*** DATA PROVIDED ***

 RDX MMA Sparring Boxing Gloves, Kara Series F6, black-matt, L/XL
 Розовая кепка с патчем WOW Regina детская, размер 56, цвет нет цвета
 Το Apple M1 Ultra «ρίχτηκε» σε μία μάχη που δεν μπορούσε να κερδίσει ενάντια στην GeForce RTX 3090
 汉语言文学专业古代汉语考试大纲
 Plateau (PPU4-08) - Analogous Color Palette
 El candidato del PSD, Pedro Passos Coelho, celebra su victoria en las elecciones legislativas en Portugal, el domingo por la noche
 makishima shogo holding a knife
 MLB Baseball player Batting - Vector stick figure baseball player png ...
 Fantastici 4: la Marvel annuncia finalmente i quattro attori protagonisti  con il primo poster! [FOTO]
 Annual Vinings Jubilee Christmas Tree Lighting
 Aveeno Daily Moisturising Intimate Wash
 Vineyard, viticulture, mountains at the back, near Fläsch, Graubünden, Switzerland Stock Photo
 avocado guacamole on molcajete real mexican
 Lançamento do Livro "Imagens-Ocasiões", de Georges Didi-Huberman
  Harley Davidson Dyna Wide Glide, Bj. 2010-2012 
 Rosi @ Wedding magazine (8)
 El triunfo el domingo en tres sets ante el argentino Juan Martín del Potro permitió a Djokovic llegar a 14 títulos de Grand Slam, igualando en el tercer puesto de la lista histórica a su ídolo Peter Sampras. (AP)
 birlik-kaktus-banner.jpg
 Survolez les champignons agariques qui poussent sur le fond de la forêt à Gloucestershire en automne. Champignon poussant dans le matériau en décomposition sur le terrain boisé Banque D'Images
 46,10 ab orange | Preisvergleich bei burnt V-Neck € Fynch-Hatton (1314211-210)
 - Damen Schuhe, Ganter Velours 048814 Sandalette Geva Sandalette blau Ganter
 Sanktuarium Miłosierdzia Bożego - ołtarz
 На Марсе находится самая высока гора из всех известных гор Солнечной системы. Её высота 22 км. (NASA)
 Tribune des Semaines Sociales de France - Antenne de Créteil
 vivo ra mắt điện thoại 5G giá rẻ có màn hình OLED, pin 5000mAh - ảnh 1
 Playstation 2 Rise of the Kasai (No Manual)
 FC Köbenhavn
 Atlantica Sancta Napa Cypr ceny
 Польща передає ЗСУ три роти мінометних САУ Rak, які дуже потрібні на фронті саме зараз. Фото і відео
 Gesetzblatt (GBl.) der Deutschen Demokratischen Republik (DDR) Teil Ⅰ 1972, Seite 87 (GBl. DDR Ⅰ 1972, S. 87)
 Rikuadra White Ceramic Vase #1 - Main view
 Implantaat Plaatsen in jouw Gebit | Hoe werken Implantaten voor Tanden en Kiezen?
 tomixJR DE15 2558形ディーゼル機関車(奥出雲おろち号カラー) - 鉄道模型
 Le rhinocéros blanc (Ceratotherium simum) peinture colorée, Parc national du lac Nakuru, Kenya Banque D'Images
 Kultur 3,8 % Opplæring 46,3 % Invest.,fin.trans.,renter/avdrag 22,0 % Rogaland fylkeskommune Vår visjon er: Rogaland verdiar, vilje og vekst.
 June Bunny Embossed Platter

***

### EXERCISE
Exact copies of the lines from the one with "Kultur 3,8 %" through the final line of the listing should be returned, and no other lines.

### RESULT FOR THIS EXERCISE
 Kultur 3,8 % Opplæring 46,3 % Invest.,fin.trans.,renter/avdrag 22,0 % Rogaland fylkeskommune Vår visjon er: Rogaland verdiar, vilje og vekst.
 June Bunny Embossed Platter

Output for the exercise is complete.